Highroad sprang into action to formulate a response that would protect operators from undue burdens. When it comes to policy, Highroad serves as an advocate for rules that allow cannabis operators to achieve profitable compliance.
Compliance Director Simone Sandoval delivered the Highroad response on Monday, November 5, 2018.
Read the full text of the Highroad response to those proposed rules below, and learn more about licensing, compliance and audits at Highroad.
November 5, 2018
Via Email to [email protected]
Bureau of Cannabis Control
2920 Kilgore Road
Rancho Cordova, CA 95670
CC: Via Email to [email protected]
California Department of Food and Agriculture
CalCannabis Cultivation Licensing Division
P.O. Box 942871
Sacramento, CA 94271
RE: HIGHROAD COMMENT LETTER ON PROPOSED MODIFICATIONS TO REGULATIONS
Dear State Regulators:
Highroad Consulting Group (HIGHROAD) is a cannabis consulting company whose Clients and professional industry Contacts consist of cannabis cultivators, manufacturers, distributors, retailers, and ancillary business representatives who collectively control millions of square feet of existing and to be built indoor cannabis cultivation, manufacturing, distribution, and retail facilities. These businesses represent the creation of several hundred jobs and a projected annual tax revenue to the City of Desert Hot Springs of millions of dollars.
HIGHROAD has reviewed the proposed permanent regulations put forth by the Bureau of Cannabis Control (BCC), the Manufactured Cannabis Safety Branch Division of the California Department of Public Health (CDPH), and the California Department of Food & Agriculture (CDFA) in depth.
After considerable analysis on the impacts of the industry we propose the enclosed revisions of the October 2018 proposed permanent state regulations we believe to place an unnecessary and avoidable burden on the industry. Drawing from existing California legislation specific to cannabis and in analogous industries we believe out suggested revisions meet the goal of the legislature’s intent, while minimizing the impacts these regulations create for the state regulators and legal cannabis businesses. The regulations, the impacts and proposed revisions are enclosed.

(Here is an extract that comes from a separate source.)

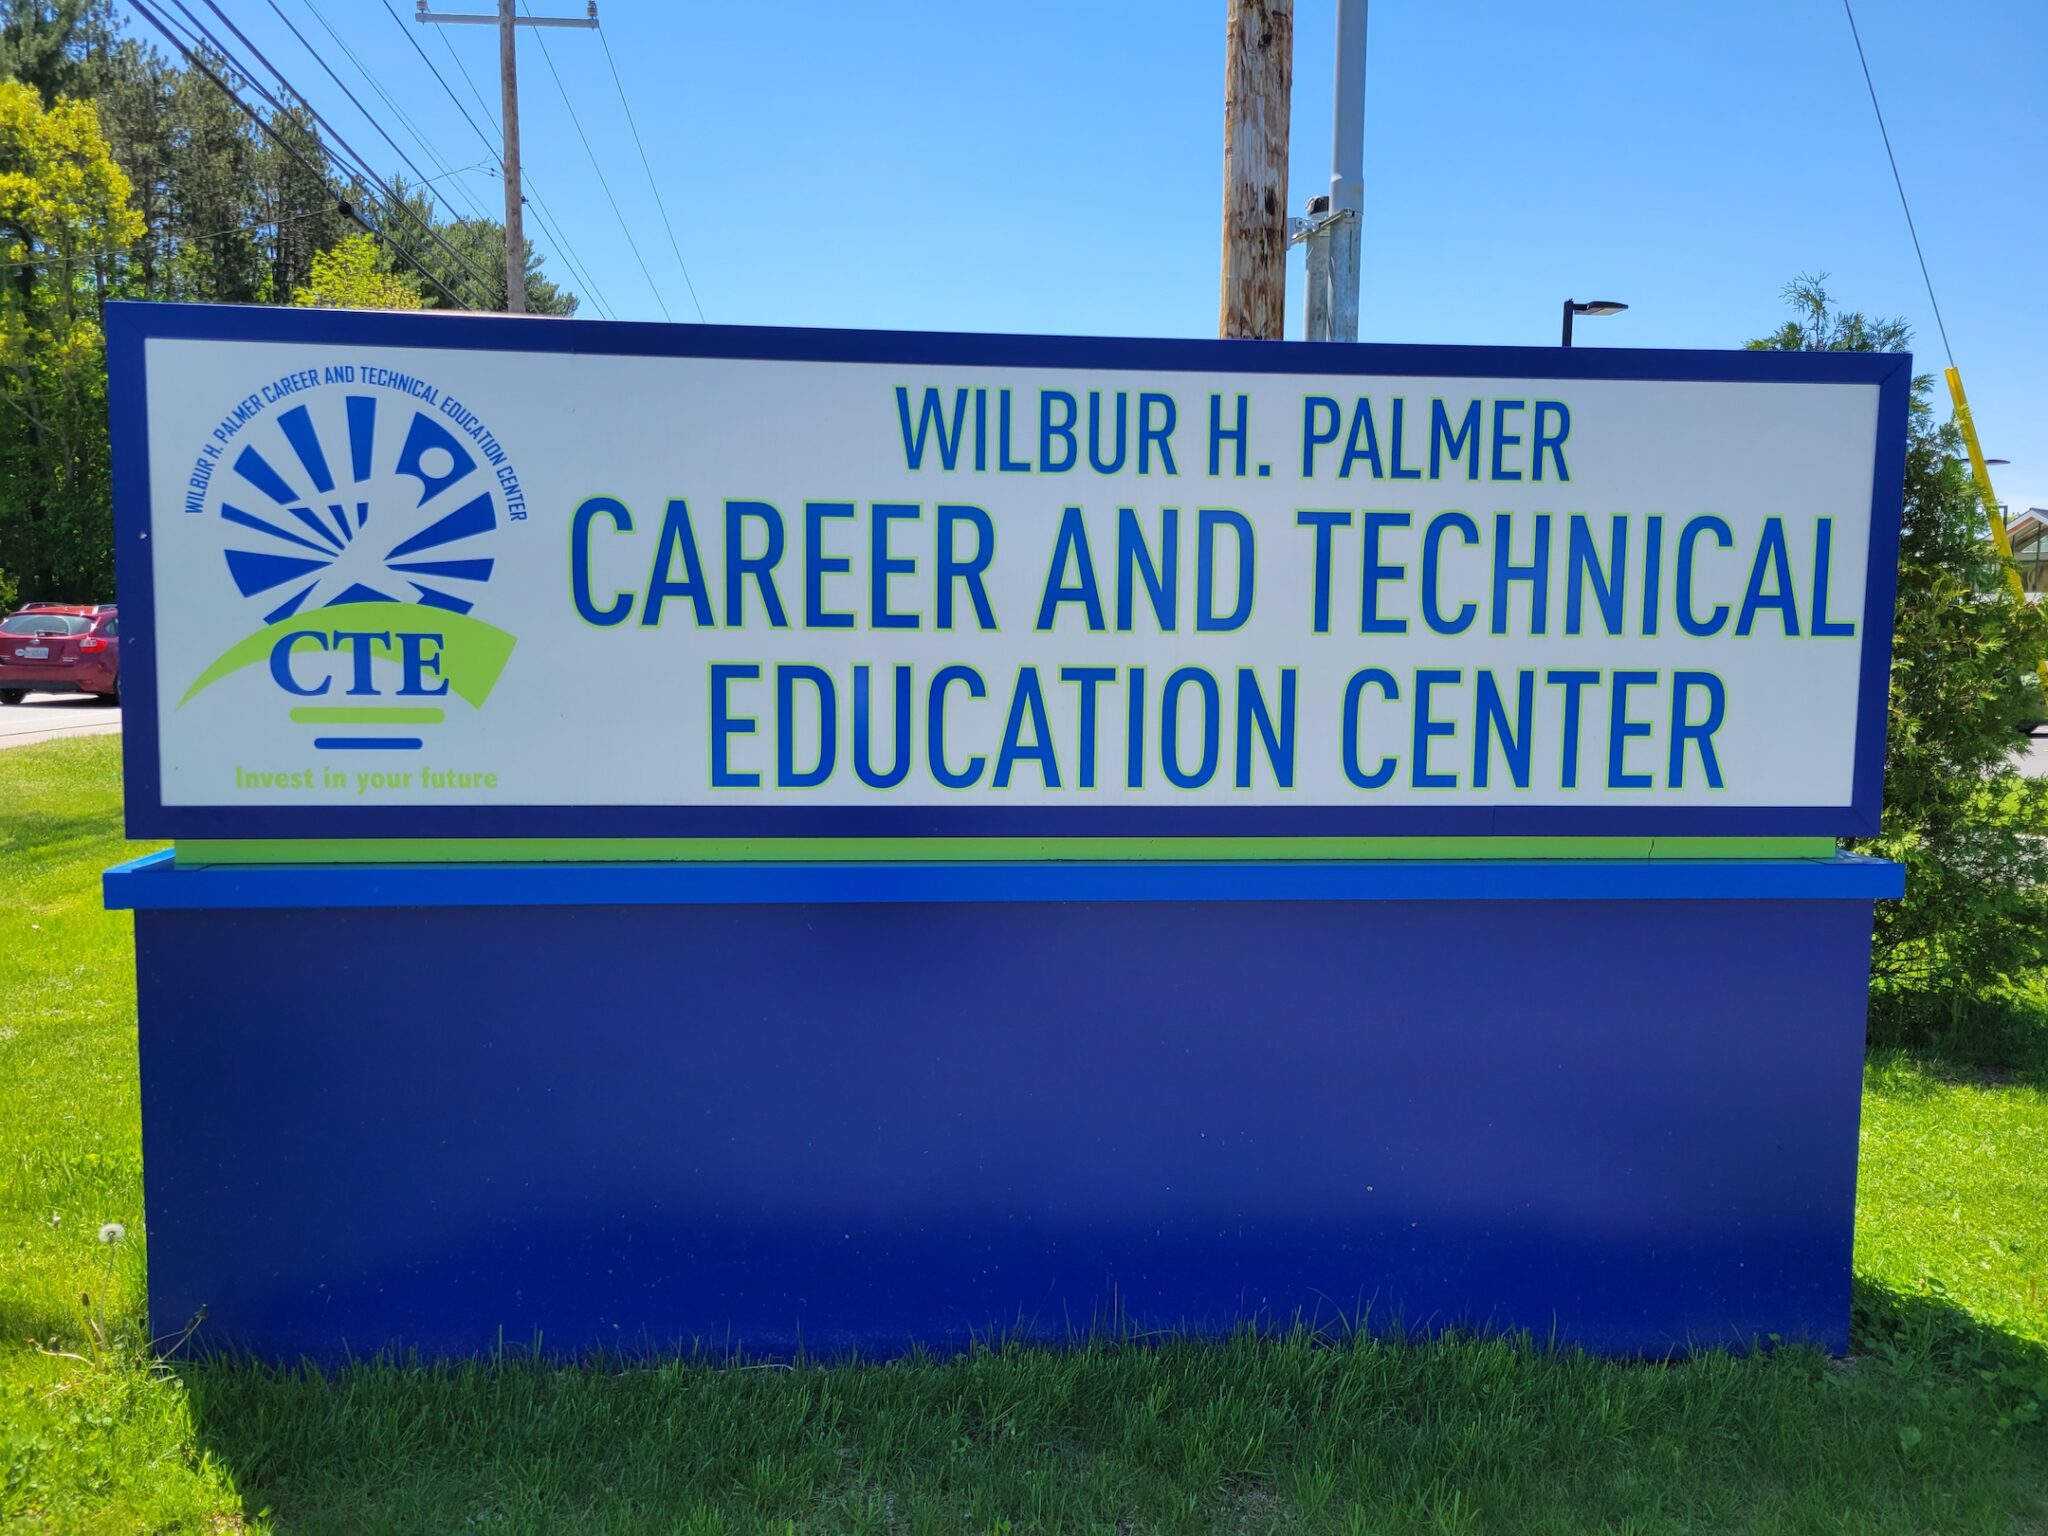 Career and technical education programs in high demand throughout the state

Thank you for your consideration. Please feel free to contact us with any question.
Respectfully,
Simone Sandoval
Compliance Director | Highroad Consulting Group
[email protected] | 760.671.5647
Bureau of Cannabis Control
New language presented in the following sections warrant concern and requires reconsideration to explore the potential impact on current affected operators and to ensure the future of success of the industry. We respectfully urge state regulators to consider possible alternative language that can achieve the same objectives without placing undue burden on operators or restricting the normal course of business. Those sections include: § 5003, § 5004, § 5032(b), and § 5311(f).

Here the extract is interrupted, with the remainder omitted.